• [What to work on]: Go to the line below that has "Emerald Cut Amethyst", print it and each line after it exactly, and stop after the line that has "Minimalist lines yet"; leave out pictures.

• [Records supplied]:
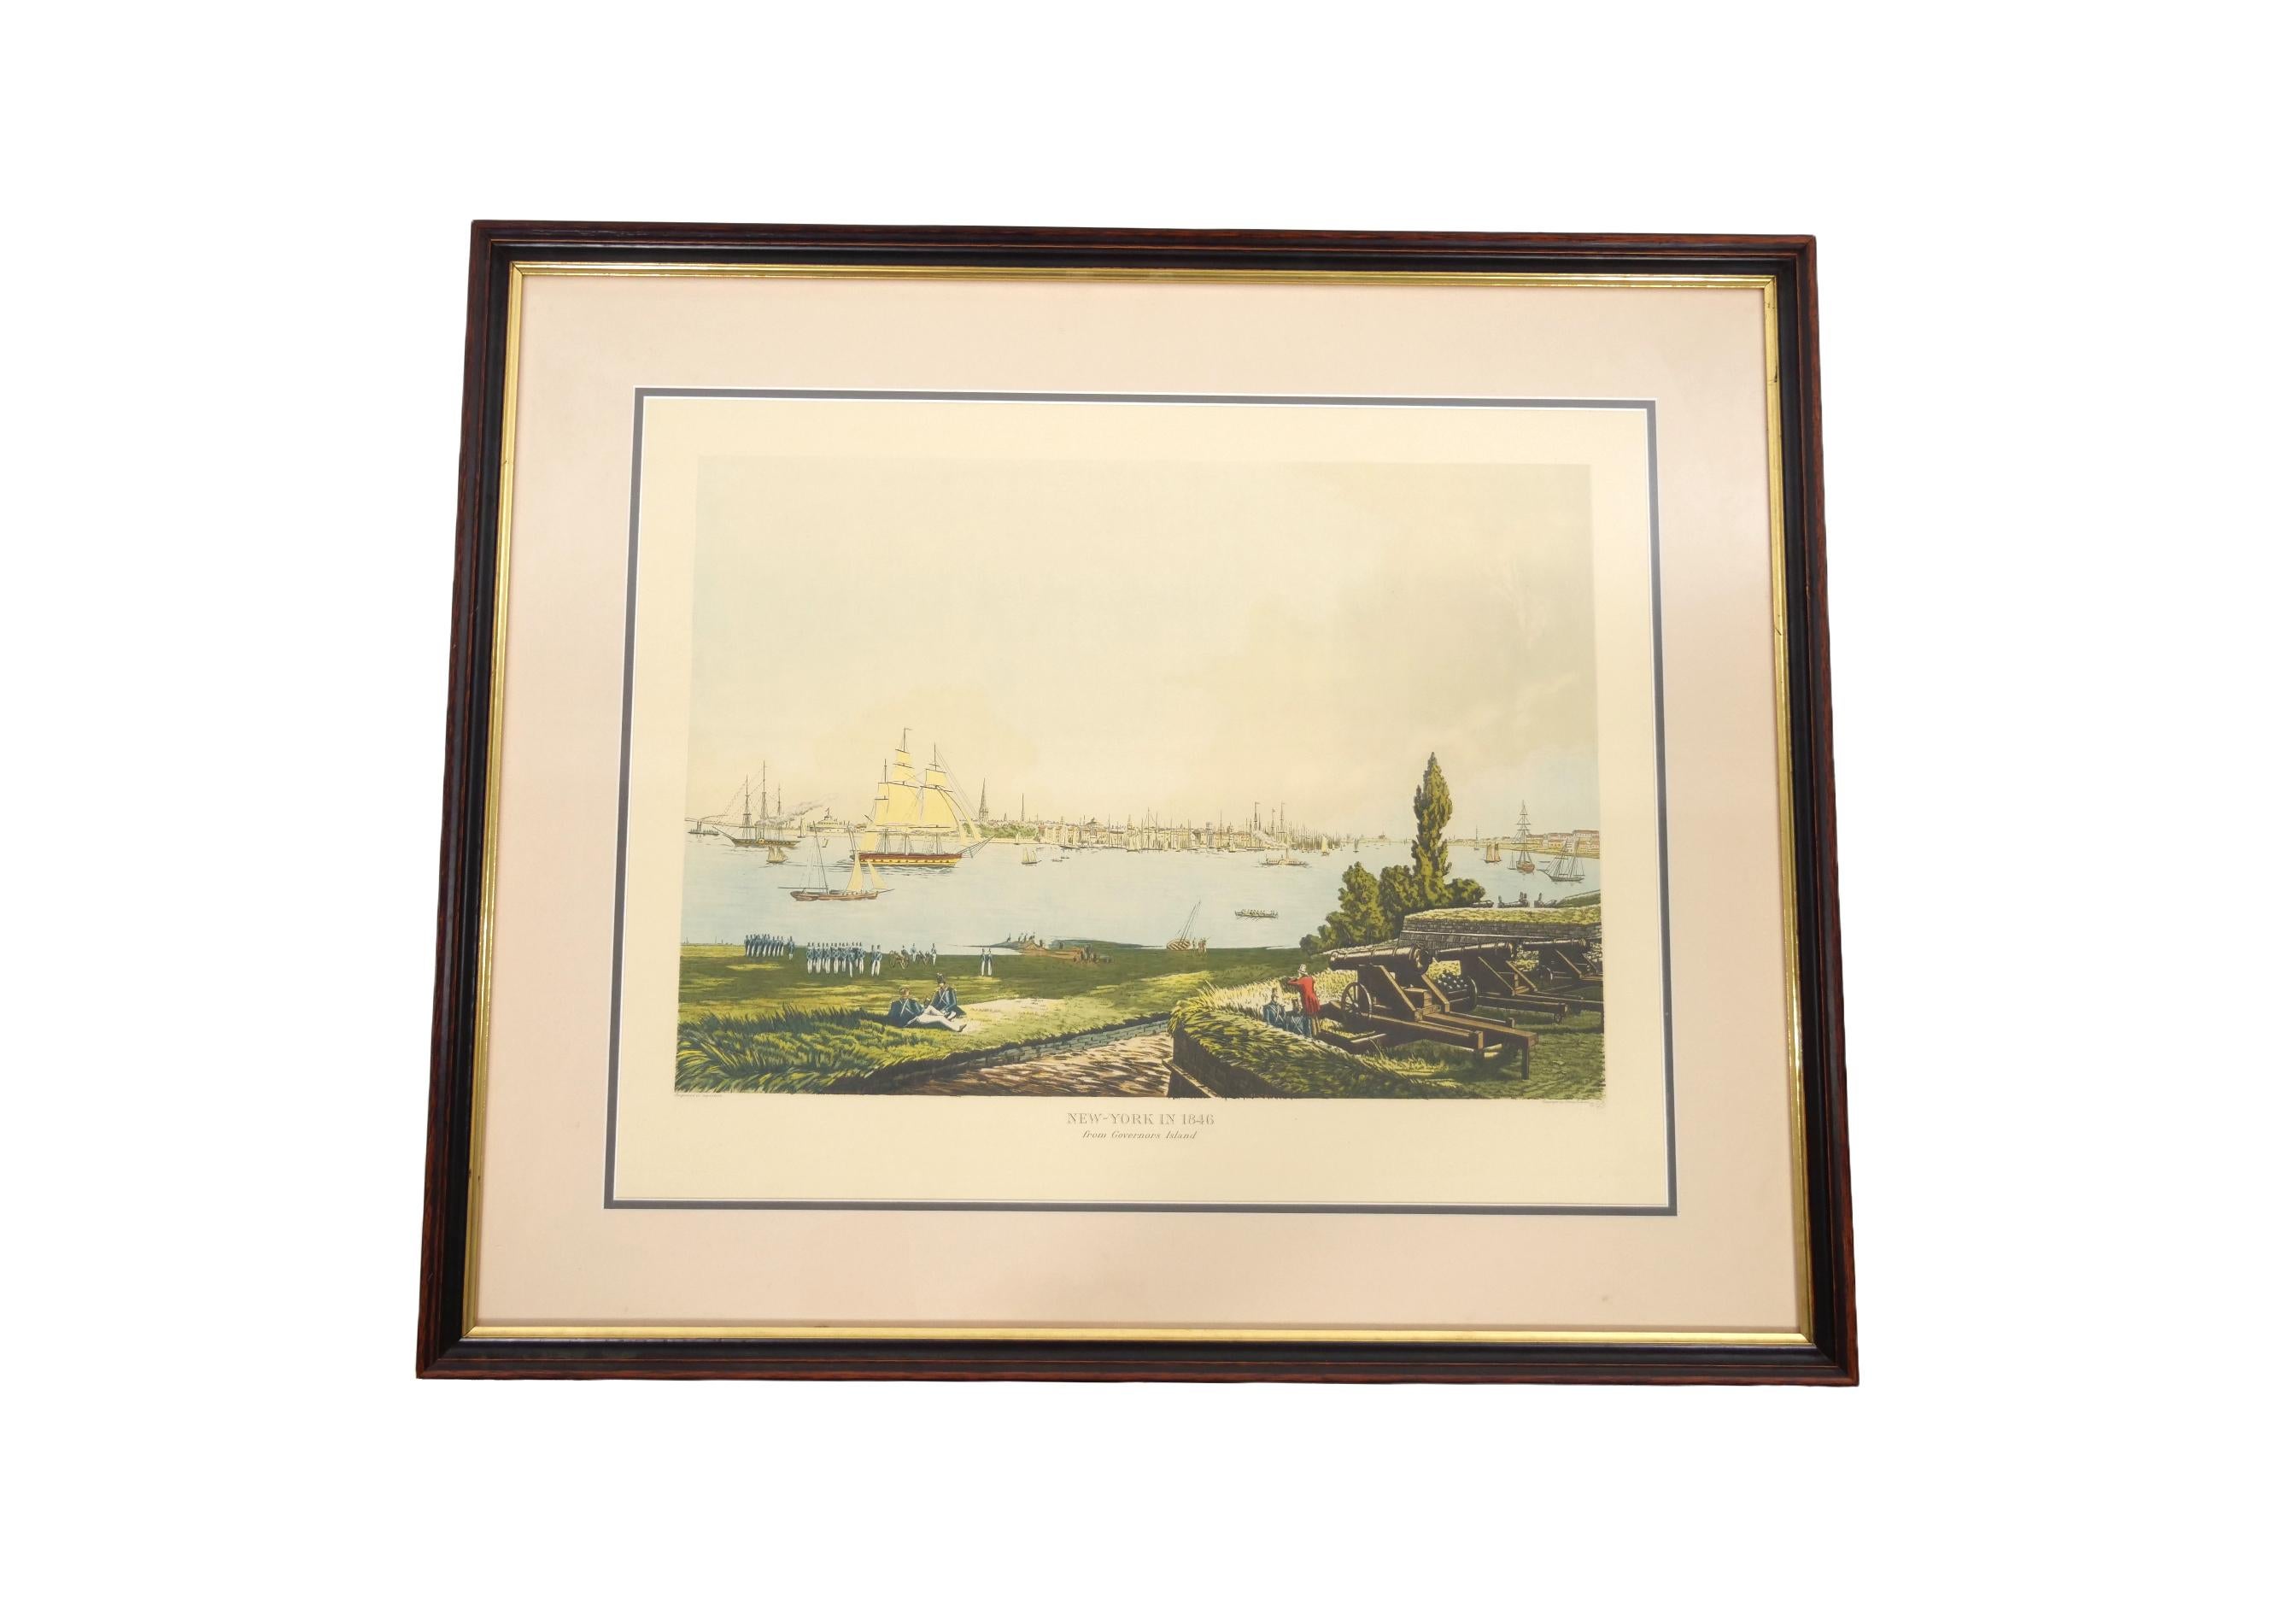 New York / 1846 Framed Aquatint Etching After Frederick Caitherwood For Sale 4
--
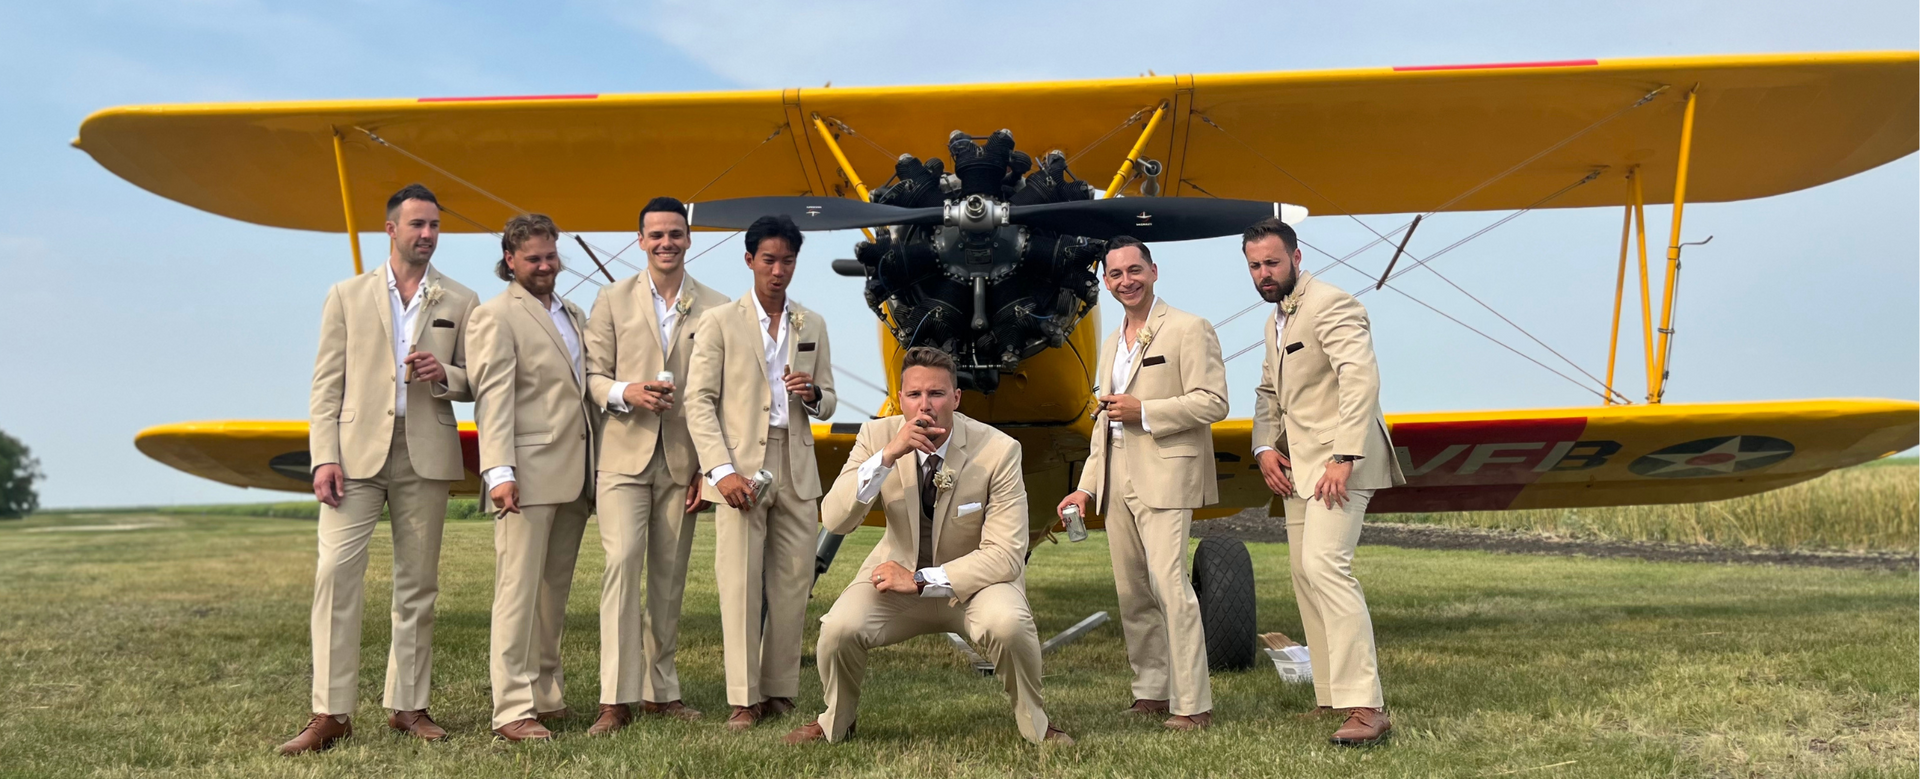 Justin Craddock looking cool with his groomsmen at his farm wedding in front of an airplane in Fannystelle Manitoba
* * *
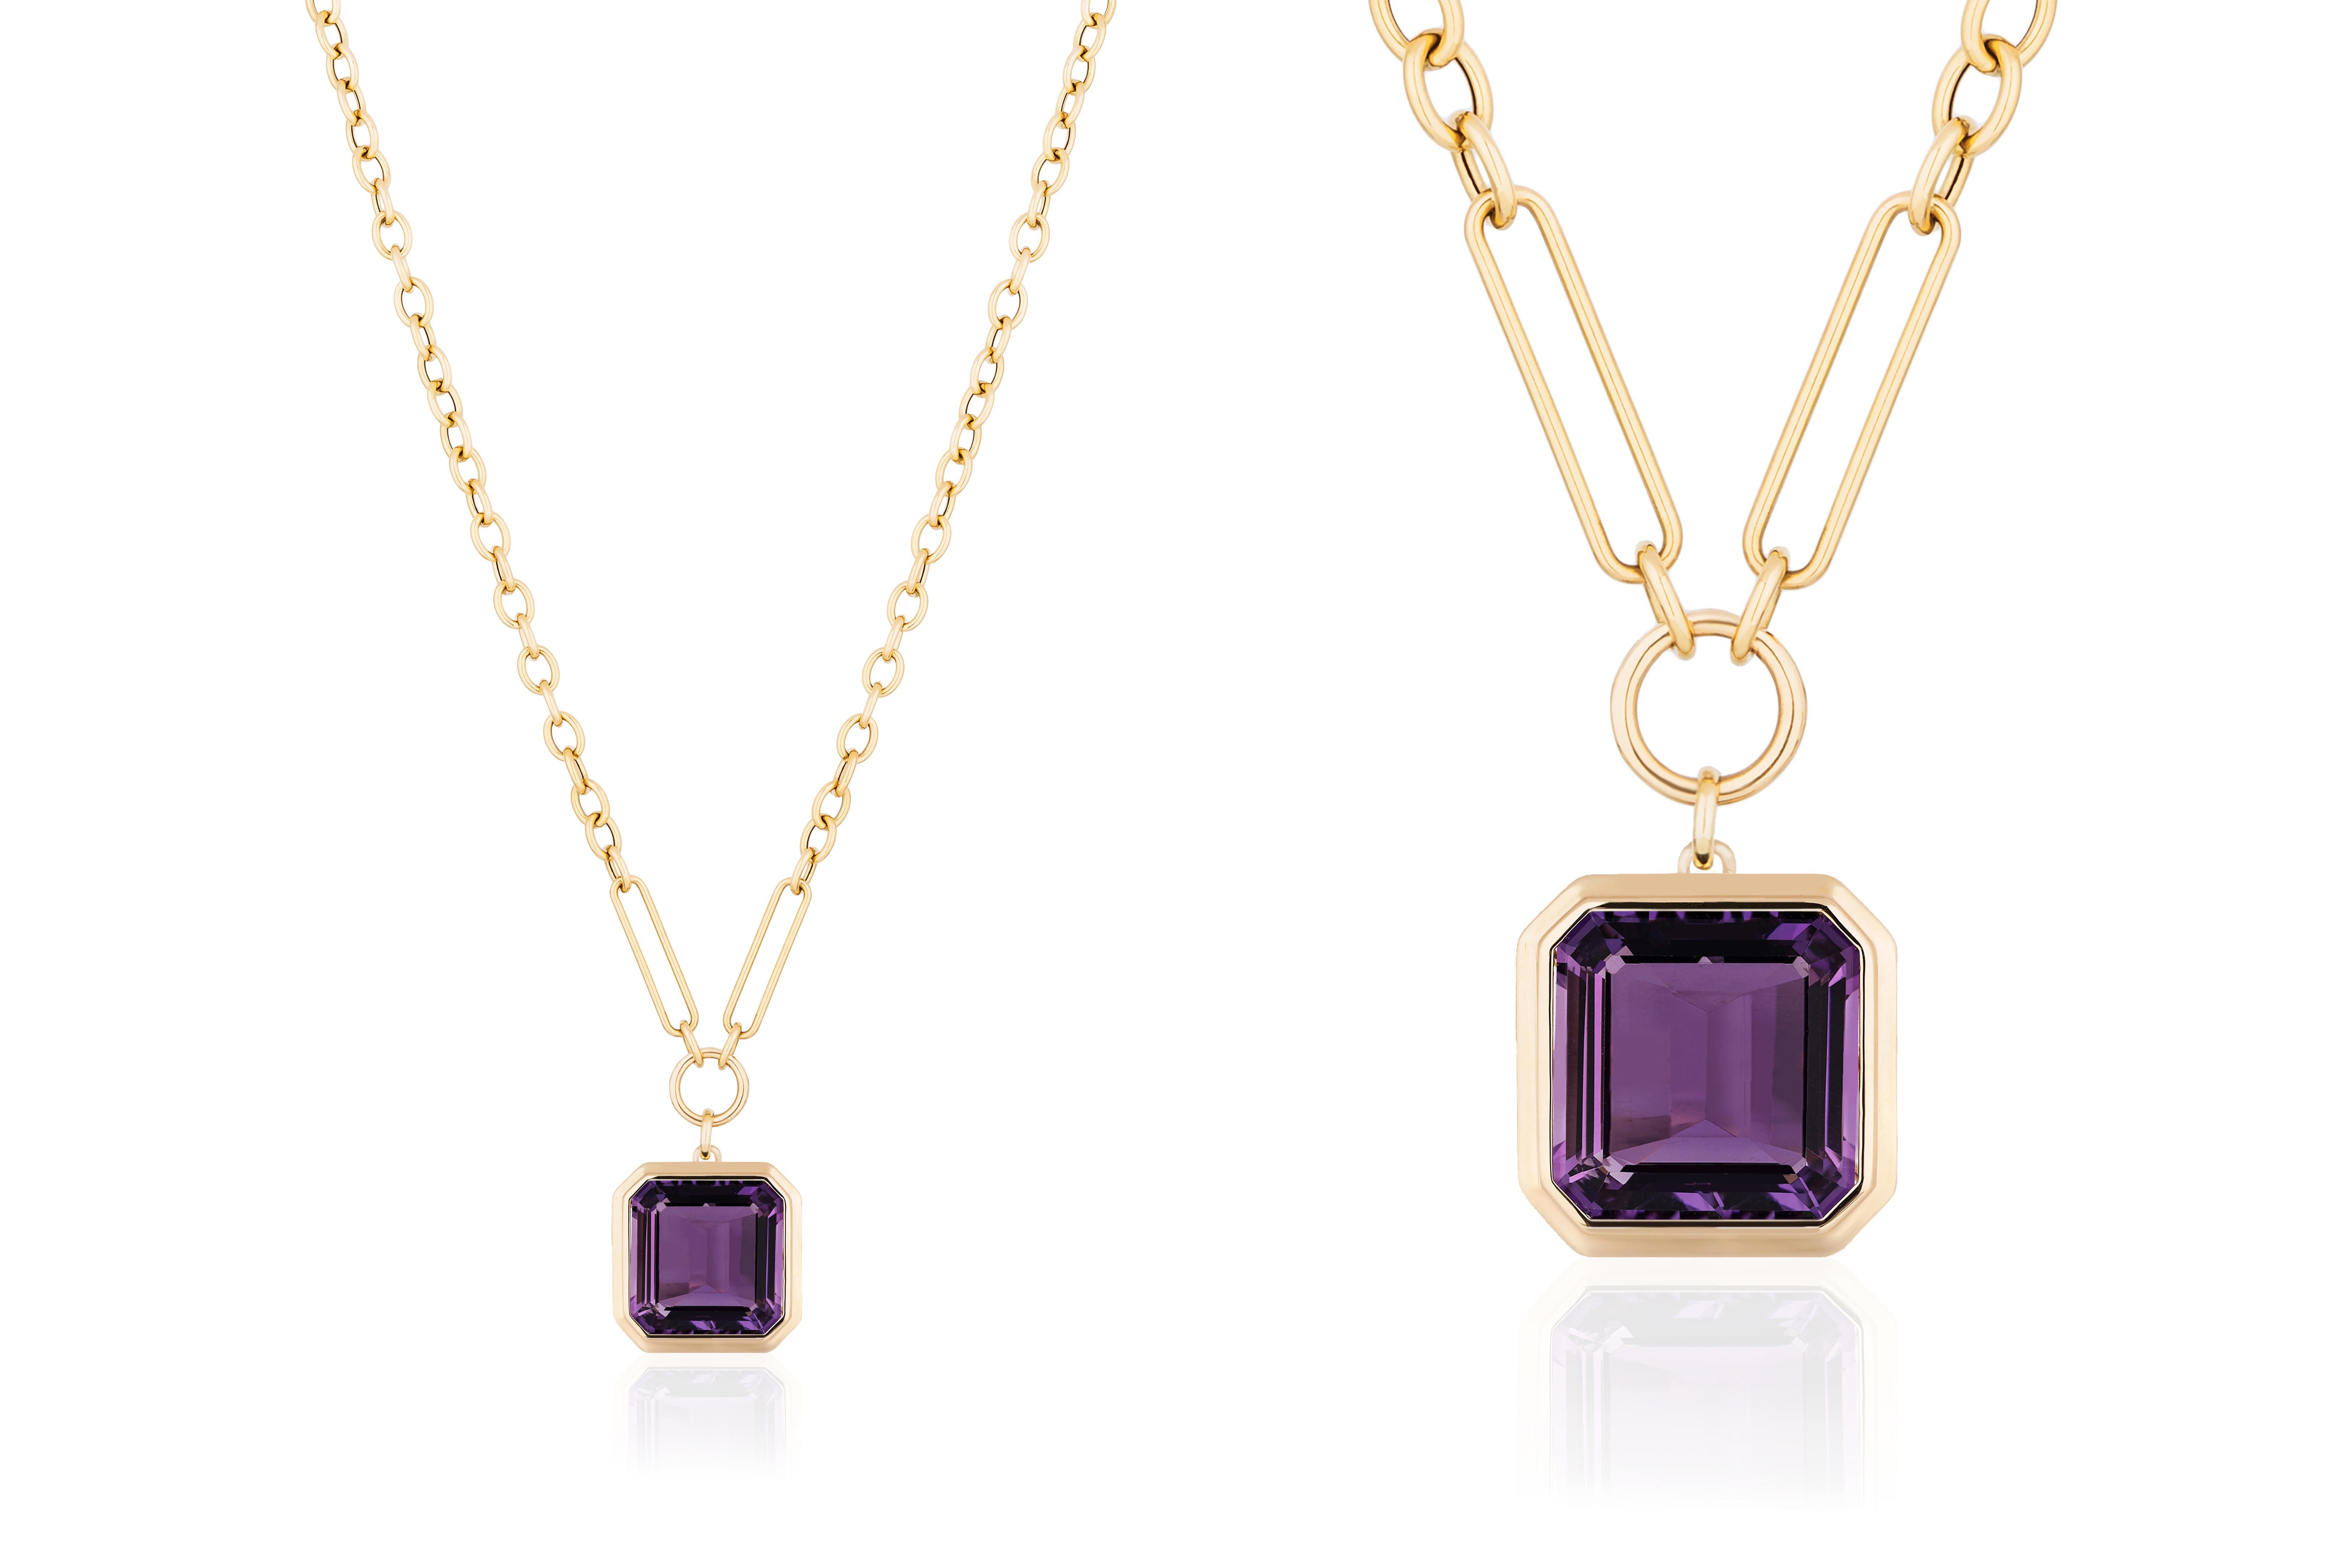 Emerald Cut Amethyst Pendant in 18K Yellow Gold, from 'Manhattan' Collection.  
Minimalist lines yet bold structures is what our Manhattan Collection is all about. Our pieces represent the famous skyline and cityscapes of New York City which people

• [Written solution]:
 Emerald Cut Amethyst Pendant in 18K Yellow Gold, from 'Manhattan' Collection.  
Minimalist lines yet bold structures is what our Manhattan Collection is all about. Our pieces represent the famous skyline and cityscapes of New York City which people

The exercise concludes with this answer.